The information required for implementing an efficient audio search is encoded in audio files – still it needs to be unlocked. Human listeners are able to identify performing artists, instrumentation, melodies, songs, moods, genres, as well as even subtle similarities between songs within fractions of a second. Based on this premise of the existence of music information, the aim is to retrieve this information, to extract it and to store it in a machine processable format. This process is called feature extraction and transforms music information into a series of descriptive numbers. Based on the applied feature extraction method these numbers express or relate to musical properties such as timbre, rhythm or harmony. The following images provide an example of rhythmic features extracted from two different music tracks. Image a) represents the rhythmic energy from a classical, and image b) from a heavy metal track. At a glance it can be observed, that the two songs obviously differ significantly in their peak values (red colored pixels refer to high intensity values).
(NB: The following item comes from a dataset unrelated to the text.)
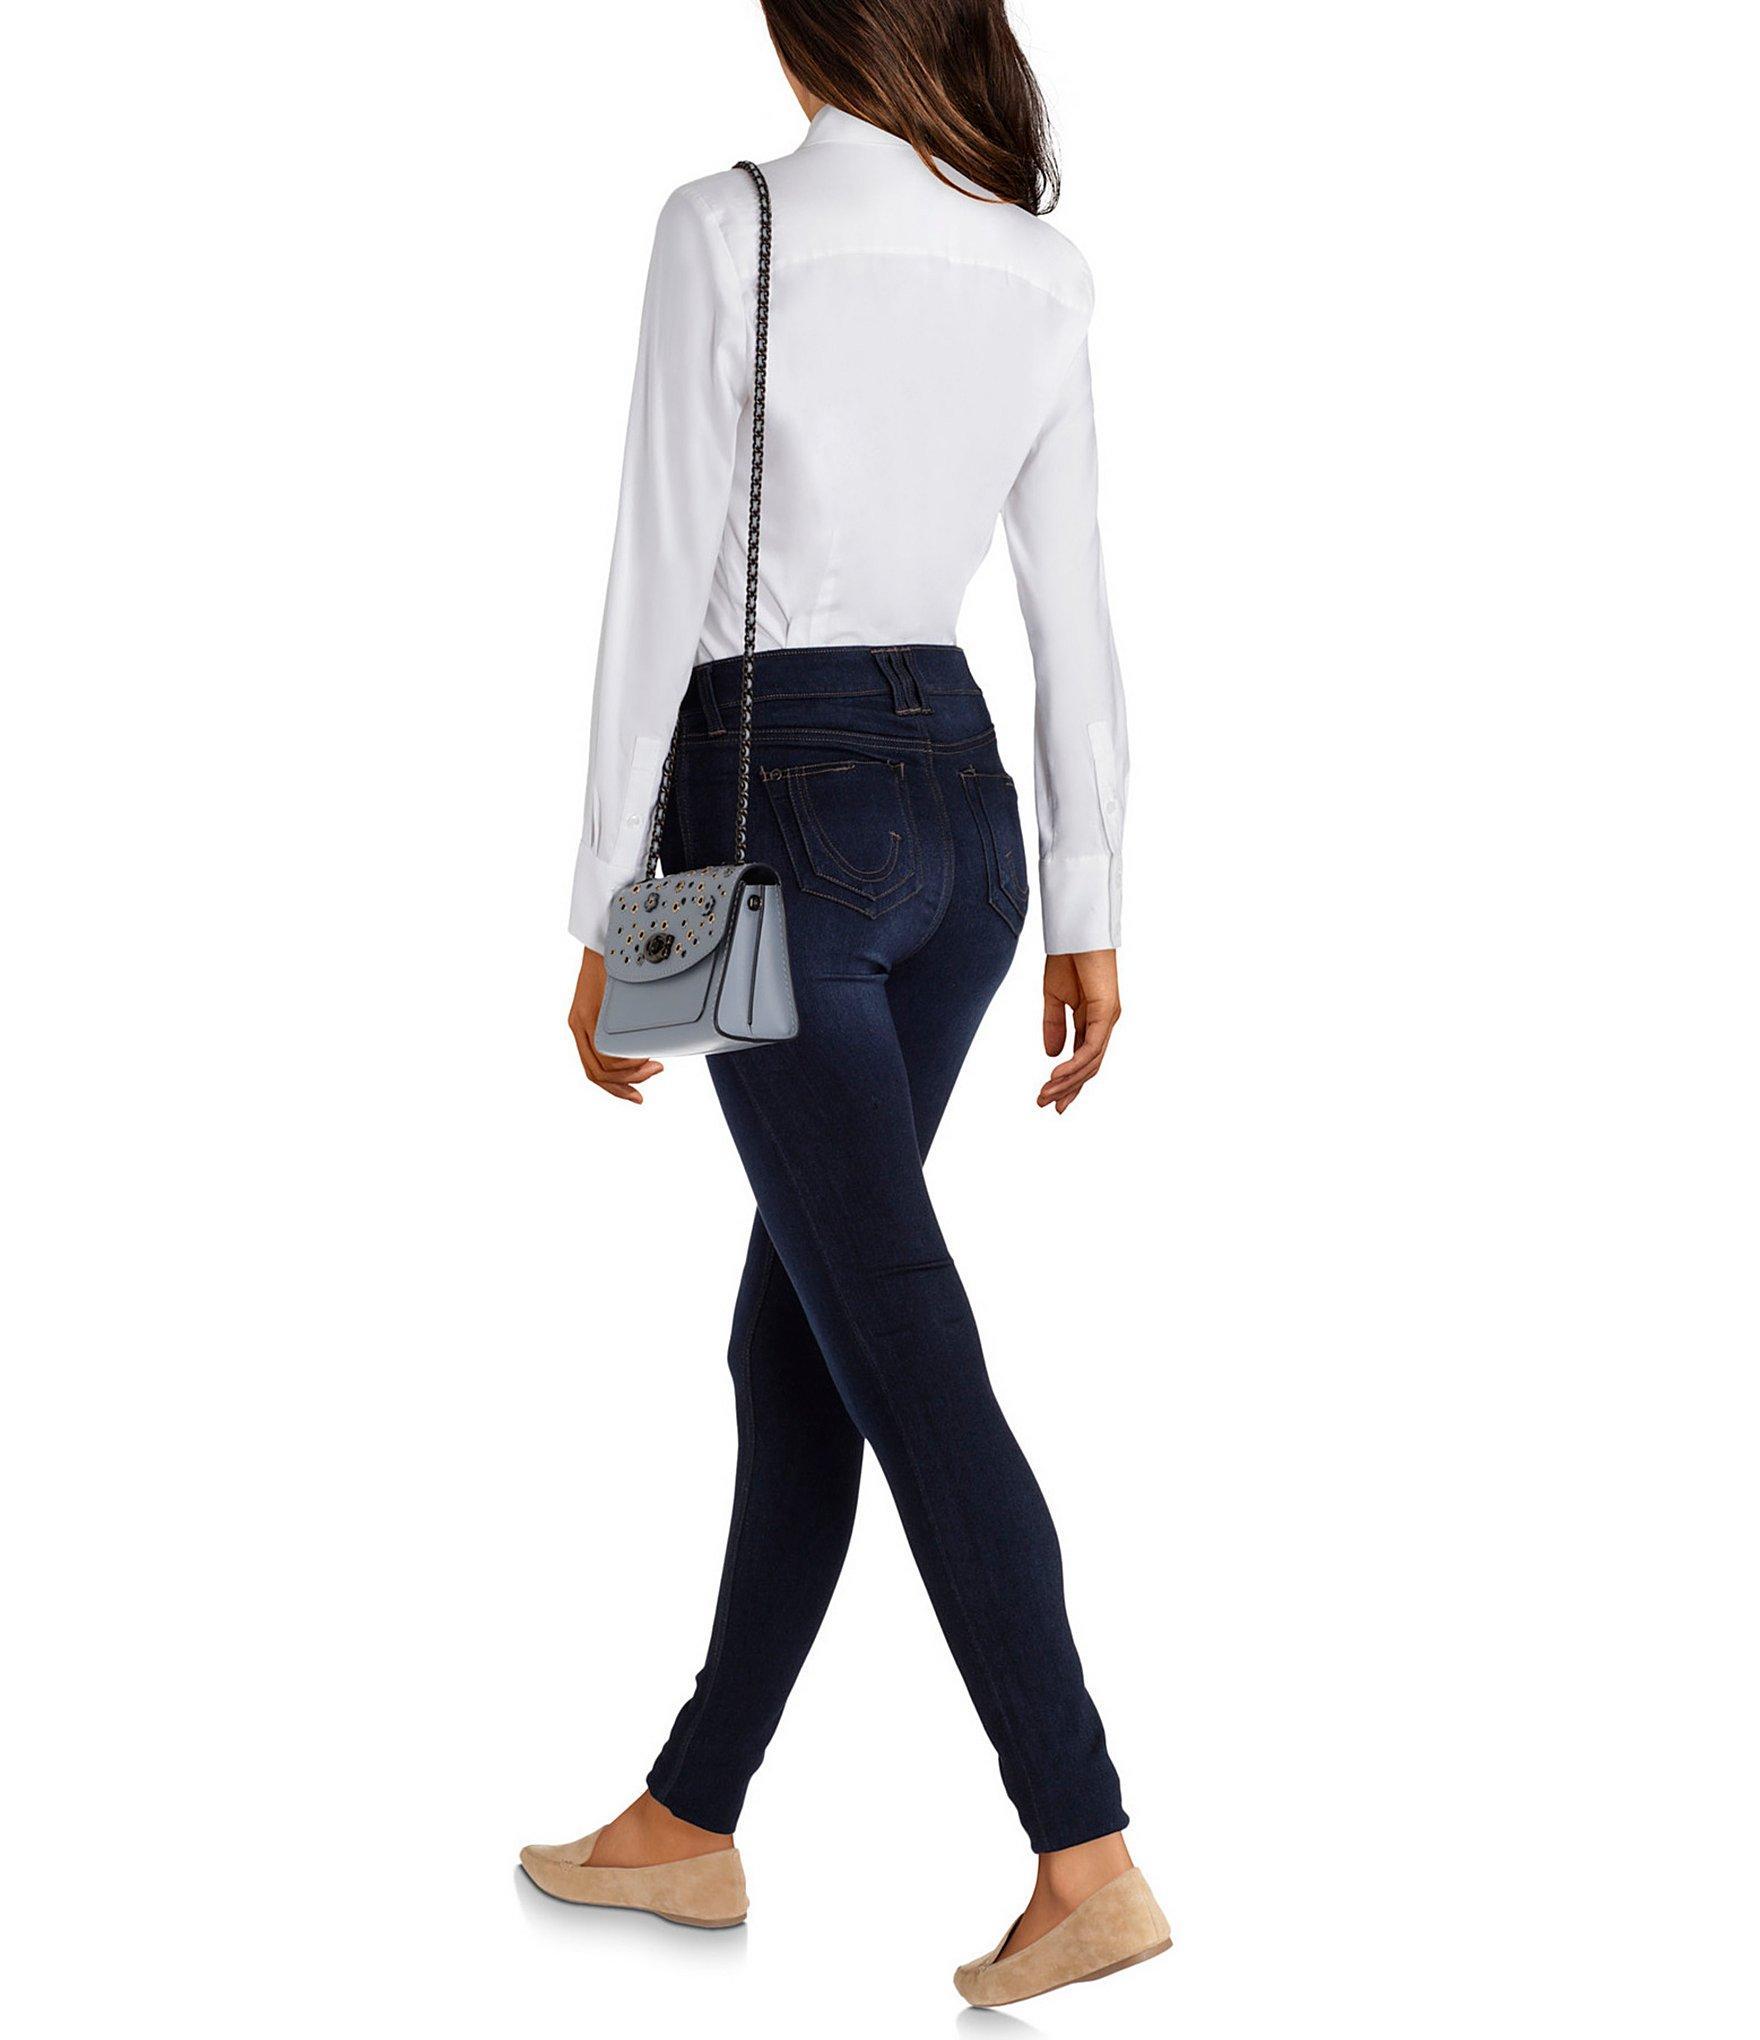 86e5d5ea65 Women's Blue Parker 18 Scattered Rivets Floral Applique Shoulder Bag

Music features calculated from the audio signal, such as the examples provided above, are further used to make songs comparable on a numerical basis. In that sense, songs exhibiting similar patterns will be considered as musically similar – at least in terms of rhythmic expression. This relationship between numerical and music similarity facilitates new approaches to music search. Besides the traditional text based approach, where music information has to be textually encoded and provided, a content based approach adds a wide range of advantages and possibilities to search engines.
Content Based Search
Content based search refers to approaches using information available within the audio content and not within the descriptive metadata. This usually requires a pre-processing step where this information is extracted and quantized to make it comparable on a numerical level. This is also referred to as vector representation. Usually a content based feature – independently of the actual multimedia domain (e.g. music, image, video, etc.) – is not a single value but a set of values. The Chroma features for example describe the distribution of the spectral energy over the 12 semitones of a musical octave. Thus, the feature consists of 12 values which are represented as one vector with a length of 12. Extracting these features from a collection of audio files creates a so-called vector space. Referring to this, search approaches based on content based features are also often referred to as Vector Space Approaches or Vector Space Models.
Audio Similarity Calculations
Searches in vector space function on different principles than traditional text-based approaches. Contrary to query languages which have strictly defined rule sets, such as SQL, vector space models are based on similarity estimations which are generally derived from numerical differences of feature vectors. There are various methods to calculate vector similarities by considering aspects of different probability distributions, but all of them provide an estimate of how similar the values within the vectors are. In the context of a content based search engine, these estimates are used to facilitate sophisticated search scenarios like the popular use case of Query by Example. In this scenario, the information need is expressed by an example song and the search engine is expected to retrieve similar songs. Thus, as a first step, the feature vector of the example song will be used to calculate the pairwise similarities to each other feature vector in the song collection. The result is a list similarity estimations. By sorting this list in descending order, top-entries with high similarity values are considered to refer to highly similar songs. This interpretation of music similarity highly depends on the models used to calculate the feature vectors. Although this is a considerable weakness of this approach, such approaches are state-of-the-art in multimedia research in general. Research specifically on music feature extraction is progressing rapidly and remarkable results are already made available as open source software.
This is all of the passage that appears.